● Task prompt: Apart from the images, the entire listing below must be restated word for word.

● Data provided:
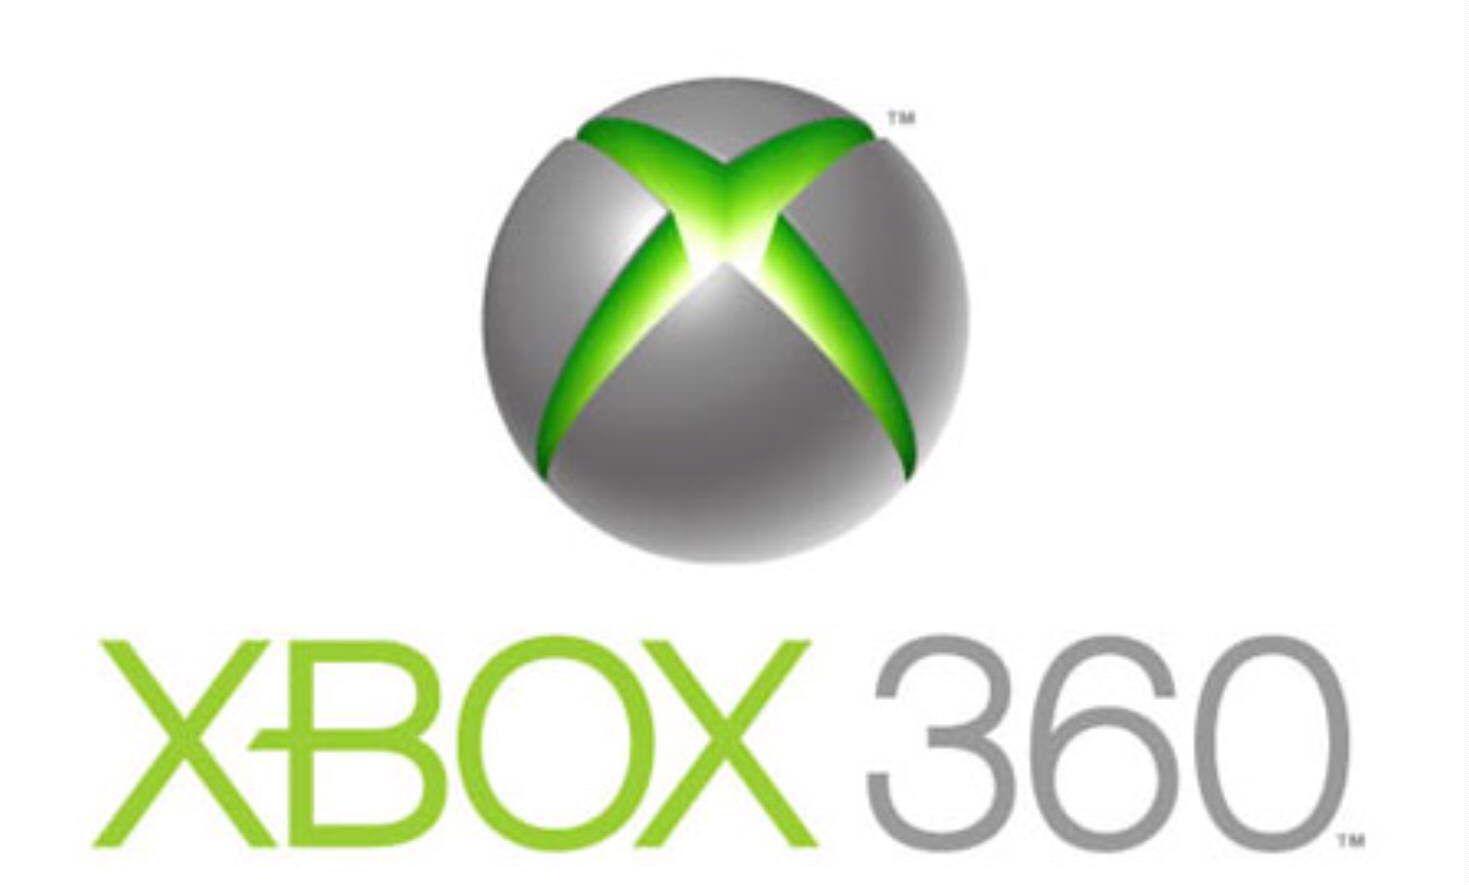 Pin By Madslug On Gaming Logos Xbox Games Xbox 360 Games Xbox Live
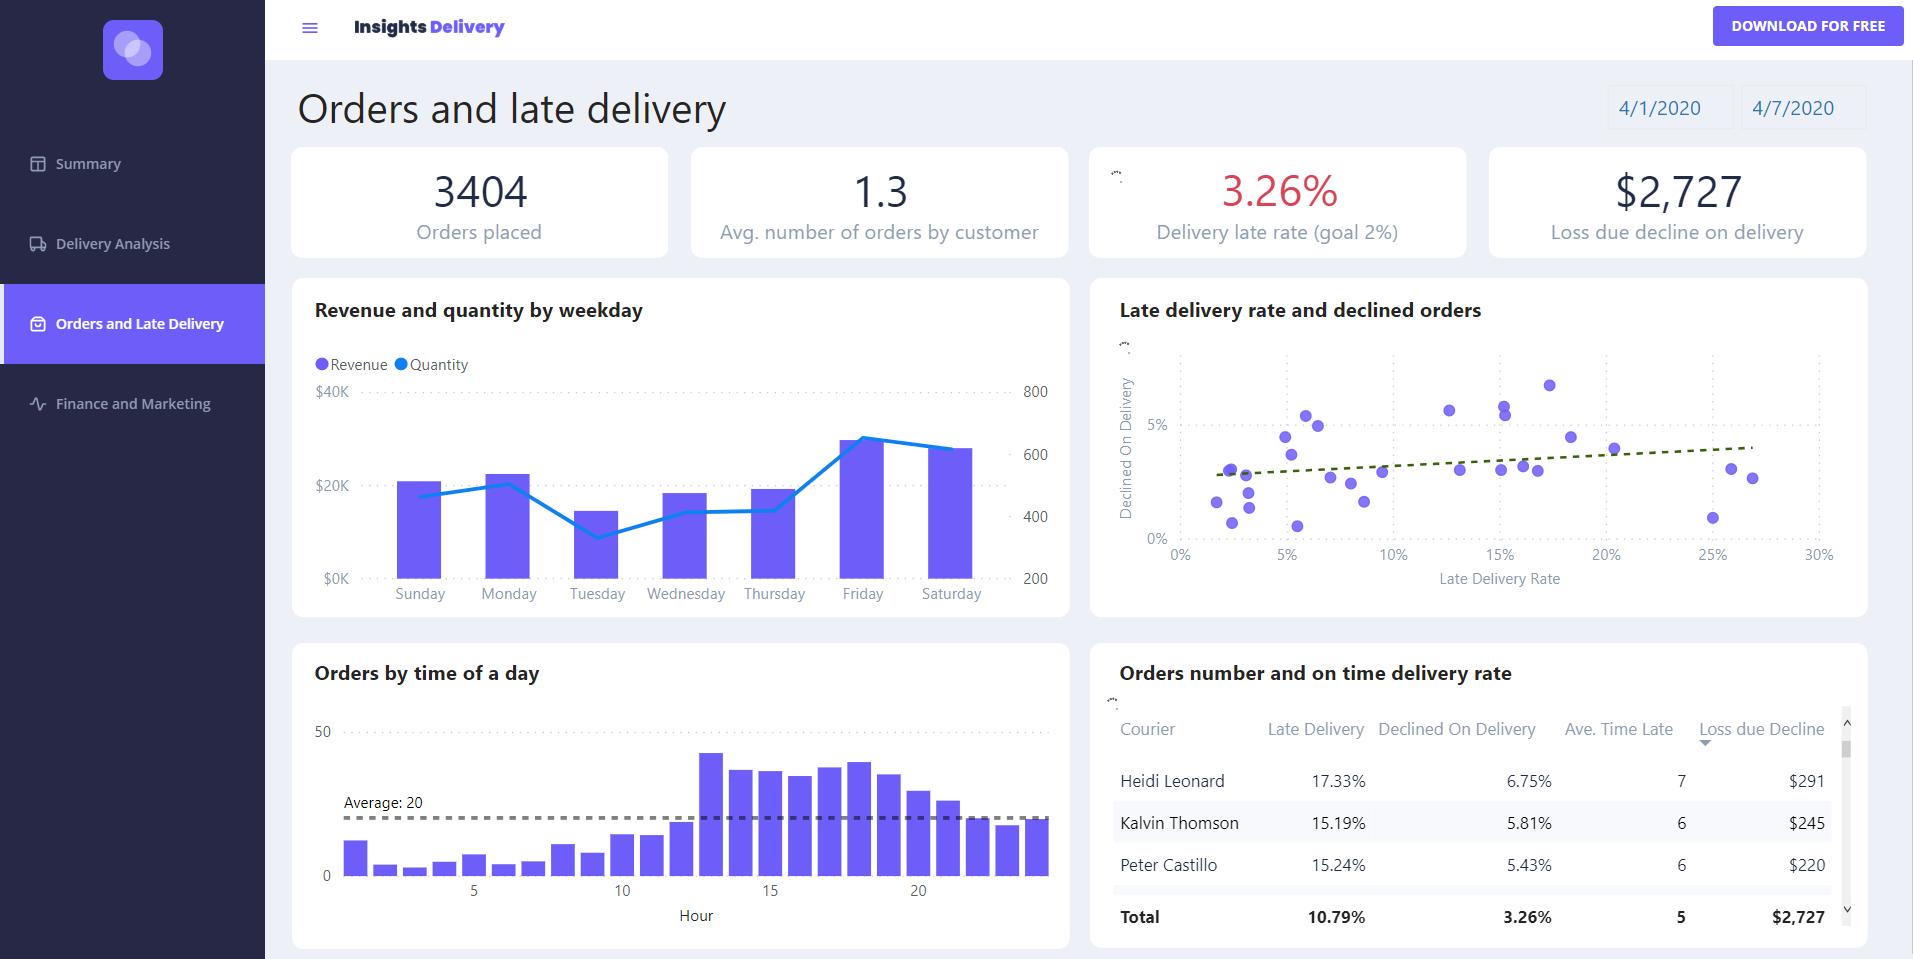 Insights Delivery BI Dashboard
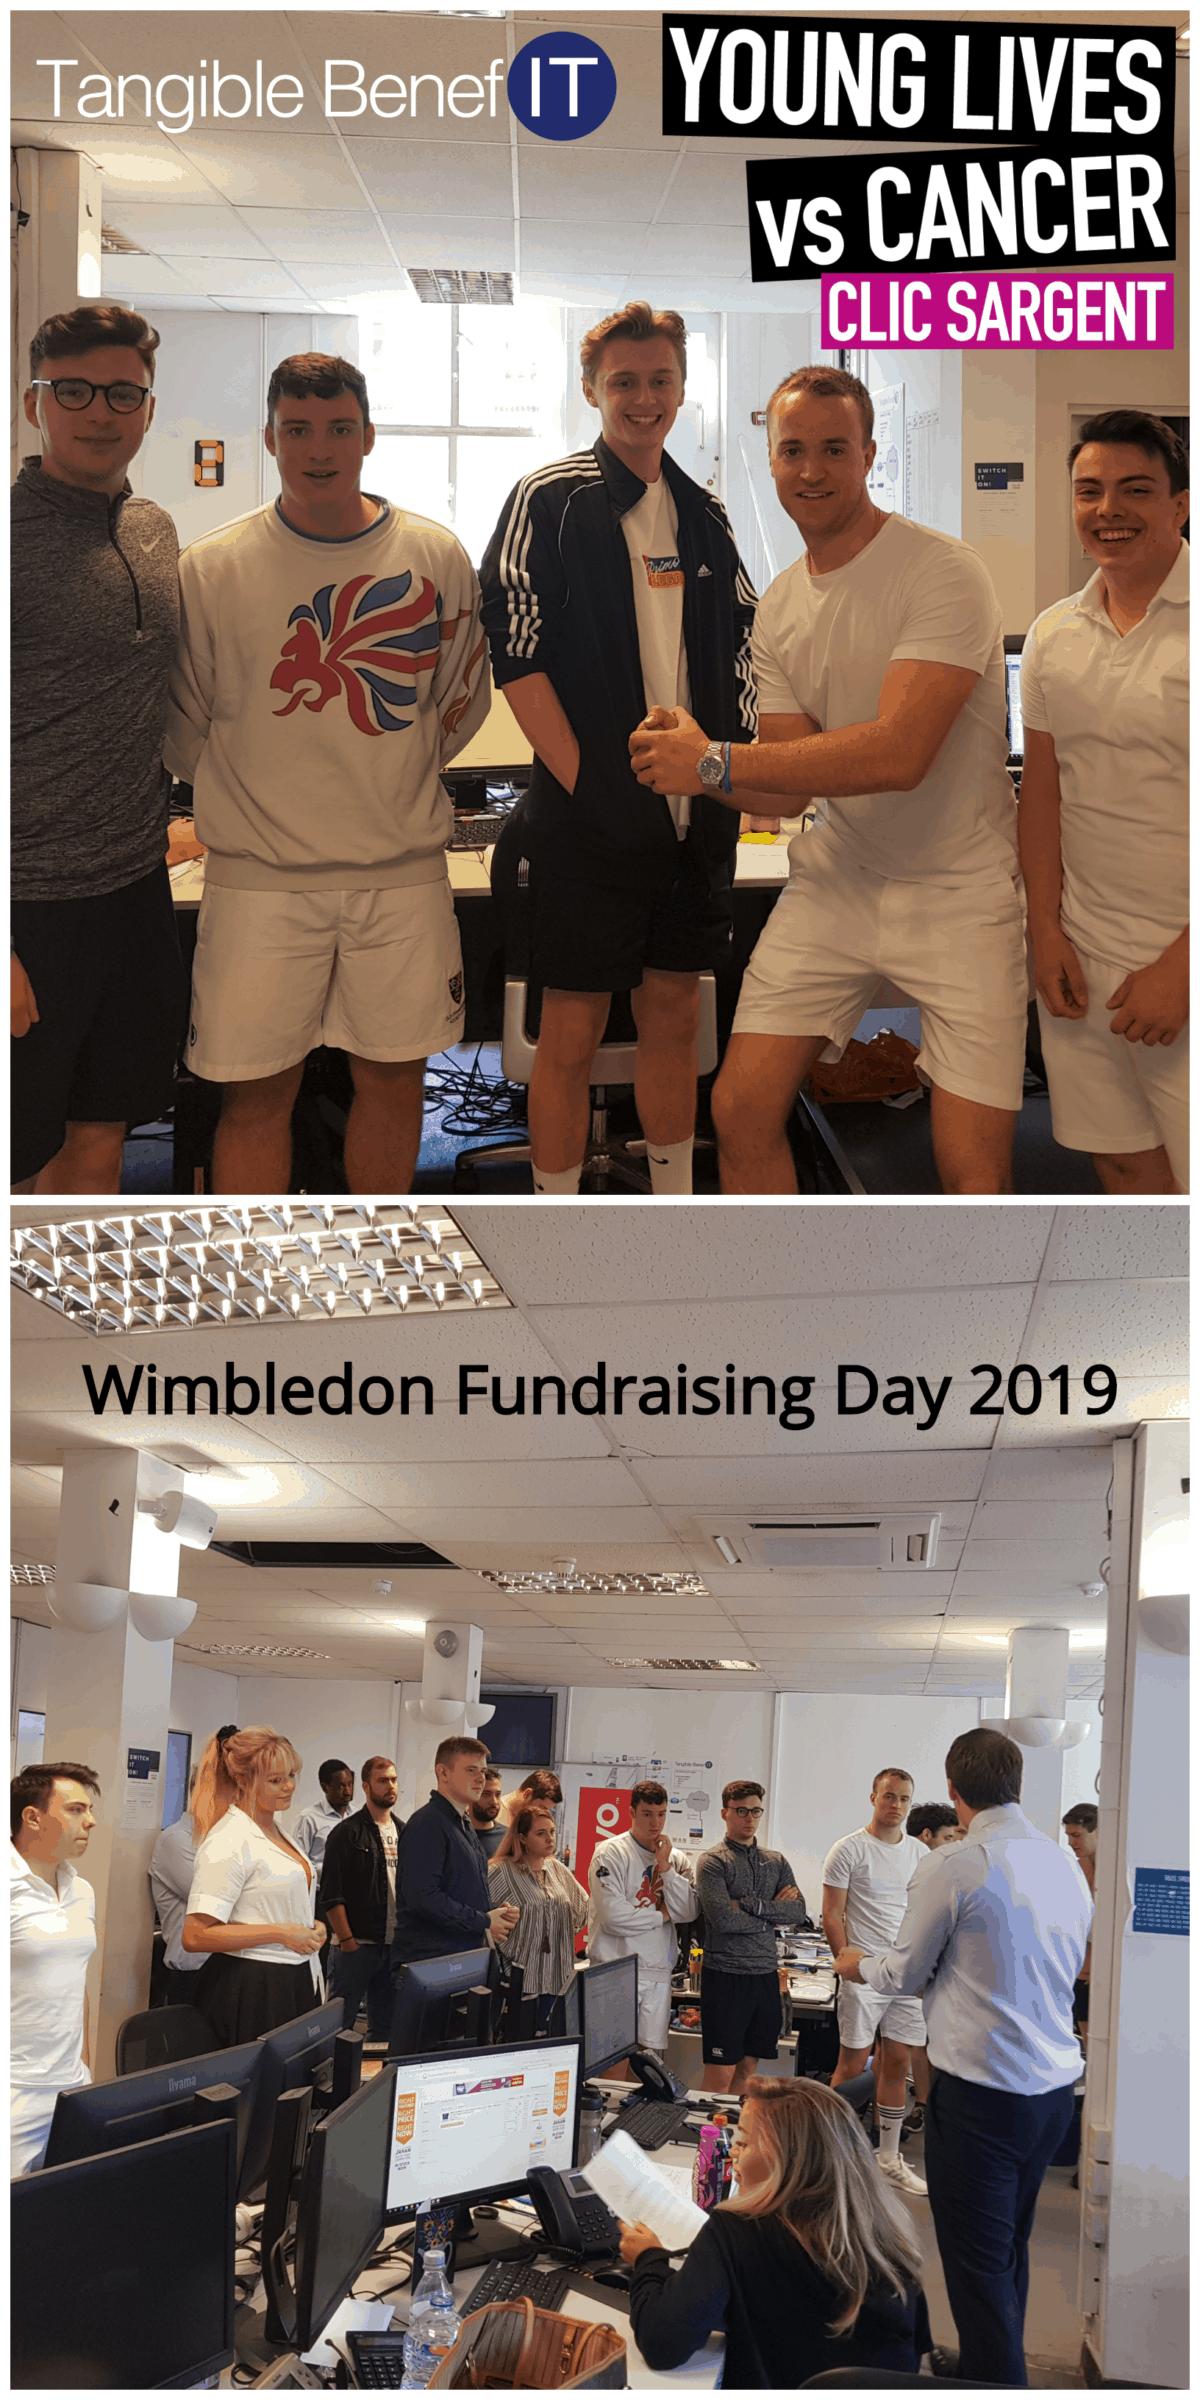 Wimbledone fundraising day 2019

● Solution for this exercise:
 Pin By Madslug On Gaming Logos Xbox Games Xbox 360 Games Xbox Live
 Insights Delivery BI Dashboard
 Wimbledone fundraising day 2019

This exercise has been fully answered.